I rest my hand atop my swollen belly and smile at him. I never dreamed I’d have any children, much less two sets of twins.
“And anyway, I wasn’t talking about me, but Camila.”
Shortly after we came back from our honeymoon, I asked Tomas to hunt down the chef my brother fired. It seems so long ago now. It took some time, but he found her, and to my delight, he hired her for our own kitchen. It makes my heart squeeze to see Camila working alongside my own children.

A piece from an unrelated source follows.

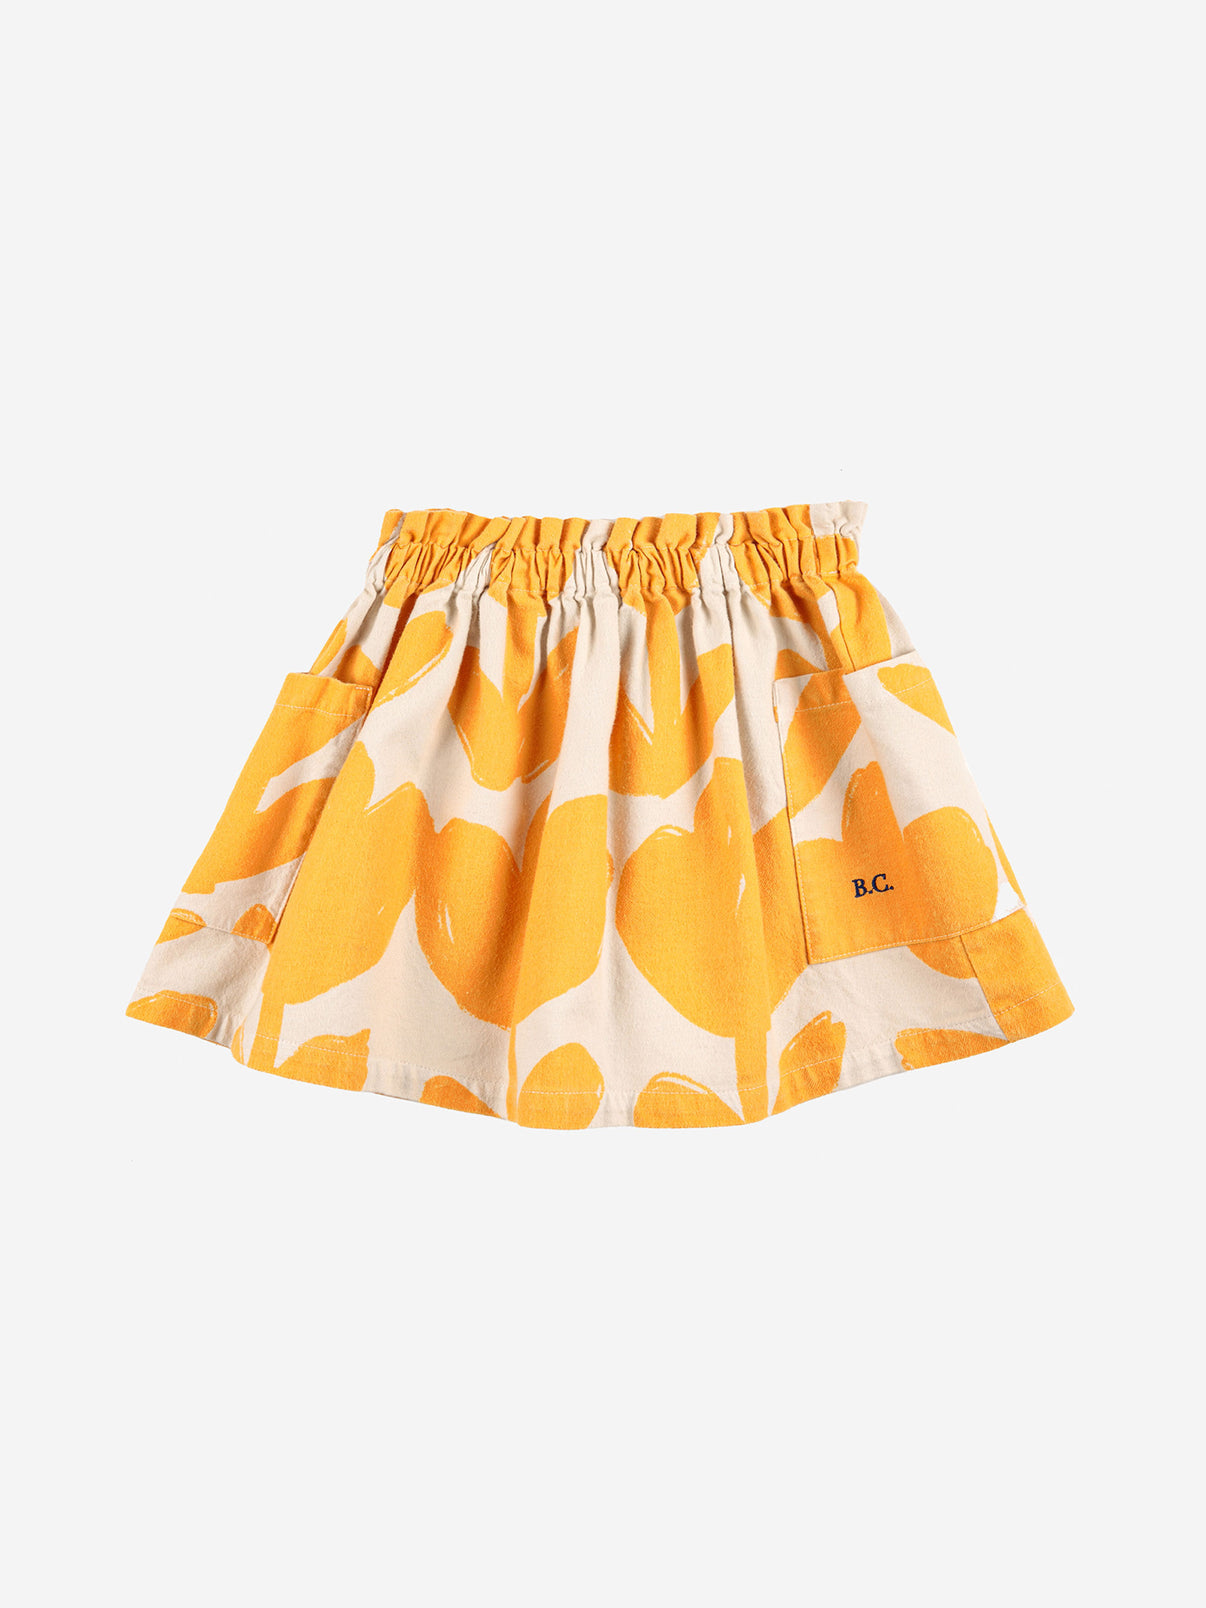 Big Flowers Woven Skirt by Bobo Choses. 100% cotton off white knee length skirt. Designed with elasticated waistband, patched side pocket, embroidery and over knee length. Made ethically and sustainably in Spain for Bobo Choses.

We’ve long since outgrown the lavish apartment in the compound and have settled down in suburbia just north of Boston. The Boston Bratva is alive and well, though the San Diego brotherhood collapsed after failed leadership about five years ago. The men I knew have scattered to different brotherhoods. I’m grateful. Knowing they’re no longer banded together somehow makes it easier to live my new life. To accept that I have a new family, and I’m the mom in this one.
“This looks delicious,” Tomas says approvingly at the simple meal of grilled cheese and homemade tomato soup. Our daughter, the spitting image of me, shoots him a toothless grin.
“Thank you, daddy,” she says.
“Let’s hope it’s edible,” her brother says.
“Edible?” Tomas repeats. “Behave yourself and be kind to your sister.” But he shoots me a wink. “That’s a pretty big word for a little boy. Must come from all those books your mother reads you.”
“Must be.” We eat while the kids chatter about their friends at school, the playdate at the park, and how they can’t wait for the leaves to change.
“Mom, today I learned about California,” my daughter says. “The teacher showed us pictures. I want to go some day.” I freeze, but Tomas takes it in stride.
“San Diego is a beautiful place to visit,” he says. “What is it that you want to see there.”
“The zoo!”
He lapses into great details about a zoo in Maine, and my daughter claps her hands, San Diego forgotten.
But I’ll never forget it.
And I’m glad that I won’t.
Remembering where I came from, and the pain of my past, gives me reasons to be grateful for the simple blessings of my life.